Ten ISIS terrorists were captured and weapons, ammunition and hideouts of the groups were seized across various locations in Iraq in the past week, according to a press release from the US-led Coalition to defeat ISIS.
"Our partners in Iraq and Syria are leading the way to find and eliminate ISIS fighters, finance, logistics, and media networks," read the latest weekly press release from the Combined Joint Task Force – Operation Inherent Resolve (CJTF-OIR).
On January 9, Iraqi armed forces arrested seven ISIS fighters and 19 other criminal offenders in Samarra province.
"The Samarra Operations Command continues its search mission of uninhabited terrain areas, islands and riverbanks with the support of Iraqi Army Aviation units," detailed the CJTF-OIR statement, before going on to add that the operation "resulted in the arrest of seven terrorists and 19 other offenders wanted by the Iraqi judiciary.”
A second group of ISIS fighters was arrested on January 13 in Nineveh province.
"The Military Intelligence (MI) detachment of the 16th Division, in cooperation with the MI unit from the 75th Brigade, and the 2nd Regiment from the 76th Brigade, arrested three terrorists in the areas of Hammam al-Alil and al-Qayyara in Mosul," according to the CJTF-OIR statement.
The three militants captured on Monday were wanted by the Iraqi Judiciary for "participating in terrorist operations against Iraqis and Iraqi Security Forces."
In addition to the capture of ISIS members and militants, Coalition-trained Iraqi forces found and confiscated a large amount of weapons and ammunition in several hideouts and safe houses around Iraq, including caches of explosives, booby-traps, light and heavy weaponry, mortars, rockets and anti-tank missiles.

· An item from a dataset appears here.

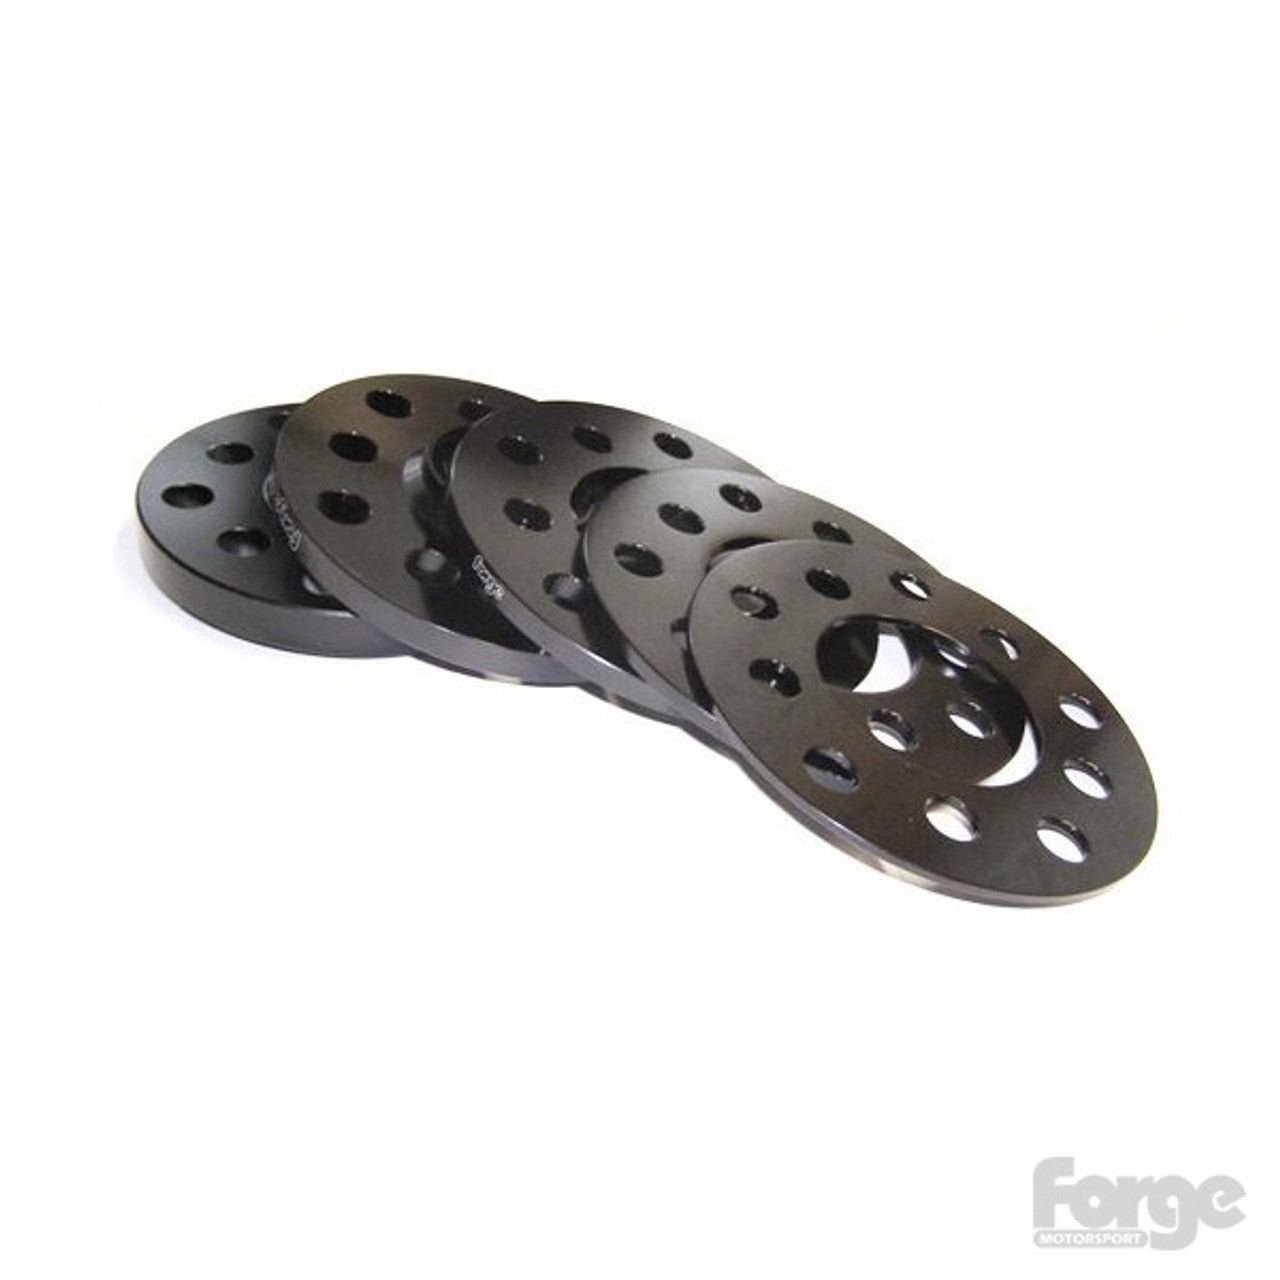 Forge 5mm (per side) flat

Weapons caches and materials intended for the manufacture of explosive devices were captured in Anbar, Kirkuk, Baghdad, Salahadin, Nineveh and Diyala provinces.
"Removing Daesh fighters, weapons and IED material remains a top priority as Daesh continues to plot attacks against innocent civilians and our partners throughout Iraq and northeast Syria," read the Coalition’s concluding statement.
At the very end of December 2019, the Iraqi army started a new phase in the fight against ISIS, two years after the group was declared defeated in Iraq.
This constitutes the eighth phase of the "Will of Victory" anti-ISIS operation that first started on July 7, and aims to clear ISIS sleeper cells out of sparsely populated desert and mountainous areas in Iraq.
In the wake of increased tensions between the US and Iran after the US assassination of an Iranian general on Iraqi soil in the first week of January, the Coalition temporarily suspended its counter-ISIS and training missions in Iraq to focus on force protection. Shiite blocs of the Iraqi Parliament outraged at the lack of respect for their country's sovereignty also passed a resolution calling for the expulsion of all foreign troops in Iraq.
The United States rejected a request from caretaker Prime Minister Adel Abdul-Mahdi after the resolution to start a withdrawal process, and announced on Wednesday that the Coalition would resume joint operations against ISIS in Iraq. However, this latest press release quoted Coalition spokesperson Colonel Myles B. Caggins III as indicating that the mission to train local forces “remains paused.”
Kurdish and Sunni factions of Iraqi Parliament, along with the leadership of the Kurdistan Regional government, still support a continued Coalition presence in Iraq.